Na de paring zet het vrouwtje de eitjes af, zoals bij de Grote keizerlibel in deze video, die haar eitjes in het water afzet. De eitjes van libellen komen na enkele weken tot enkele maanden uit, afhankelijk van de soort, watertemperatuur en van het tijdstip in het seizoen. Eenmaal uitgekomen verschijnt eerst de zogenaamde prolarve, die in later stadium uitgroeit tot een larve. De larve maakt in het onderwater stadium twee tot drie vervellingen door. Bij de meeste soorten duurt het larvenstadium iets korter dan een jaar tot bijna twee jaar.

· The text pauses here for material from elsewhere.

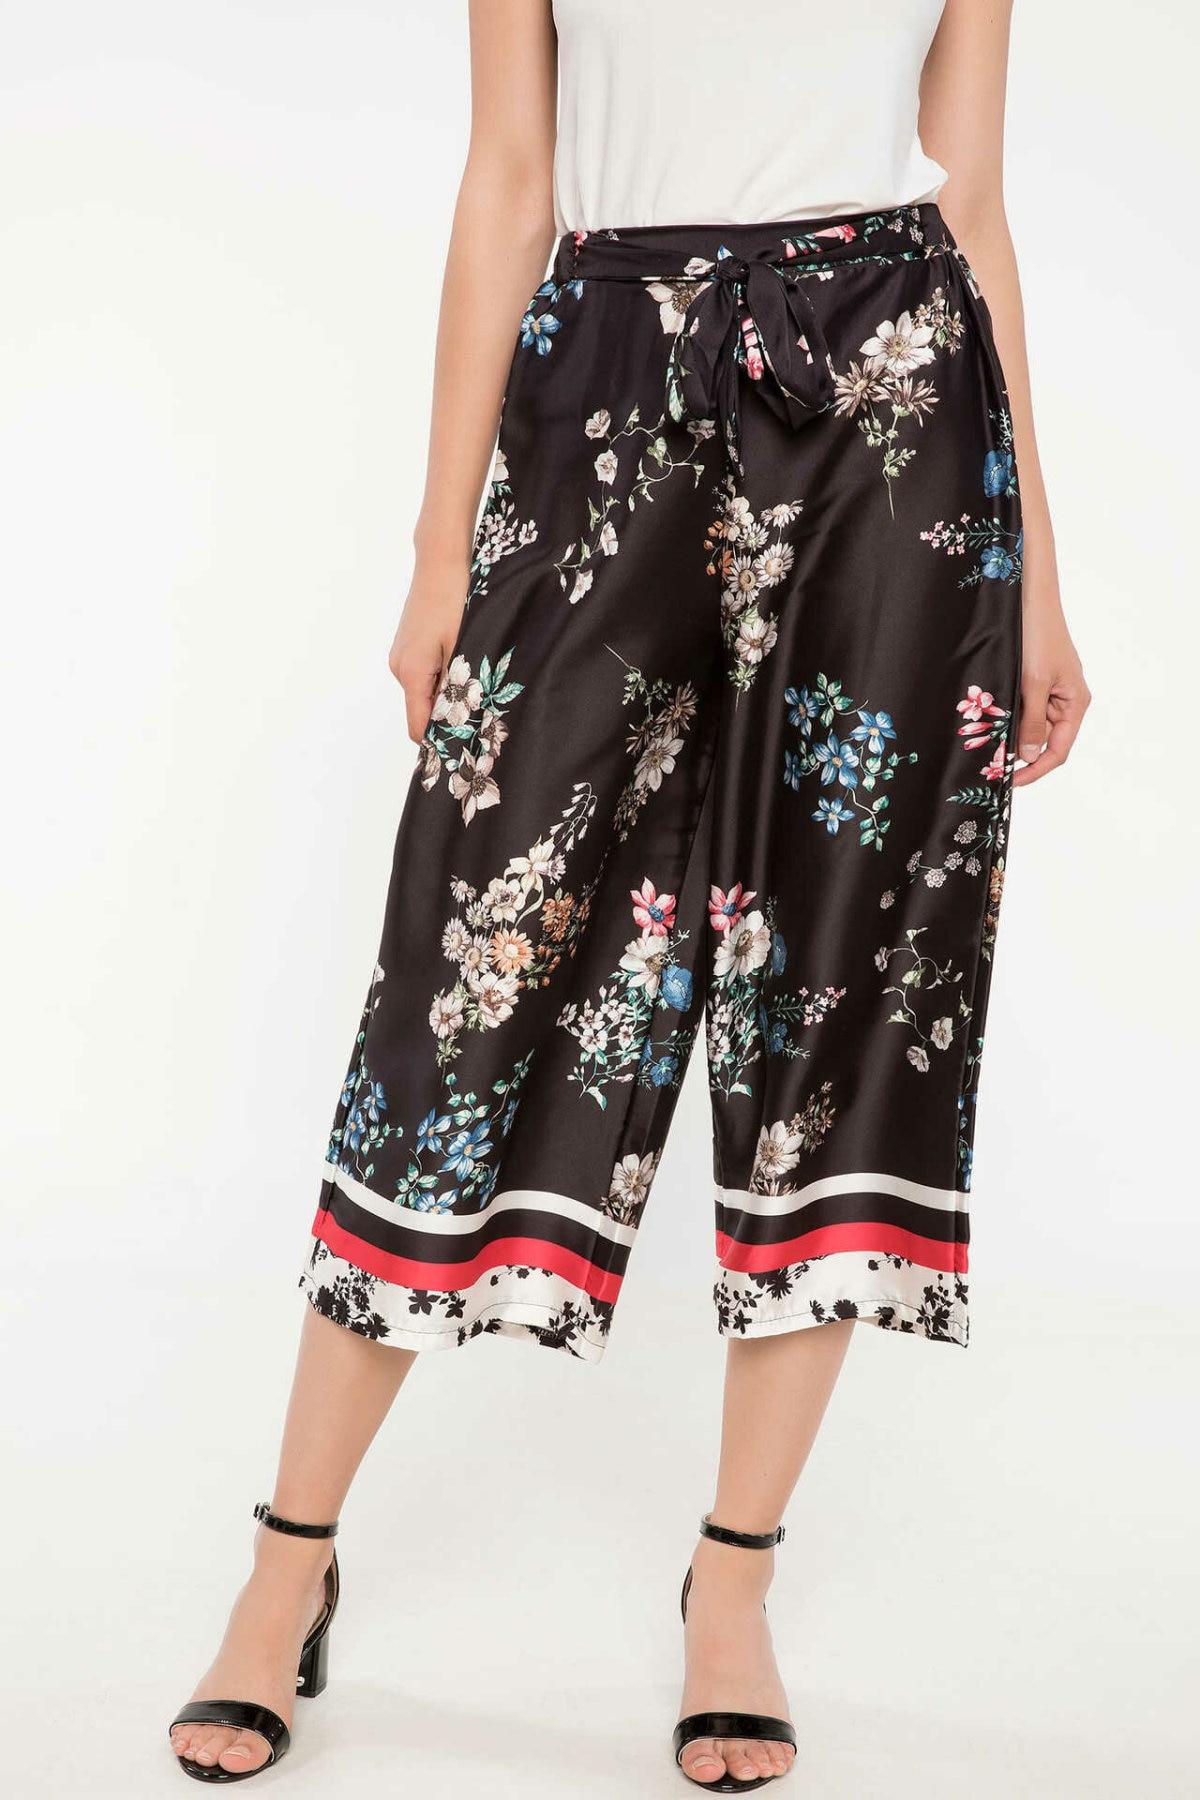 DeFacto Ladies Fashion Print Chiffon Loose Trousers For Women's Casual Pants Straight Comfort Crop Pants Female - J5382AZ18HS

Een volgroeide larve heeft nog één vervelling voor de boeg, de vervelling van larve naar imago, het volwassen stadium. In deze video is het uitsluipen van de Gewone oeverlibel in beeld gebracht. Voor het uitsluipen klimt de volgroeide libellenlarve uit het water. Dit gebeurt bijvoorbeeld langs een plantenstengel die in het water of op de oever staat. De larve houdt zich dan stevig vast en vervelt voor de laatste keer. De huid van kop en borststuk barsten open en heel langzaam komt de volwassen libel eruit. Wanneer kop, borststuk en poten eruit zijn, grijpt de libel zich vast aan de plantenstengel en trekt zijn achterlijf uit de larvenhuid.

Vervolgens blijft het kleurloze diertje nog een tijd hangen en pompt zich door middel van lichaamsvloeistof op. Het achterlijf strekt zich langzaam en krijgt de langgerekte vorm van een volwassen libel. Ook de vleugels strekken zich langzaam maar zeker uit, wat in de beelden versneld is weergegeven. Aanvankelijk zijn de vleugels nog te zacht om te vliegen. Pas na enige tijd uitharden is de libel klaar voor zijn eerste vlucht en vliegt weg van het water, meestal naar de eerste de beste boom of struik. Het lege larvenhuidje blijft achter langs de waterkant. Het hele uitsluipproces duurt meestal langer dan een uur. In die tijd is de libel zeer kwetsbaar voor natuurlijke vijanden, zoals vogels, kikkers en mieren.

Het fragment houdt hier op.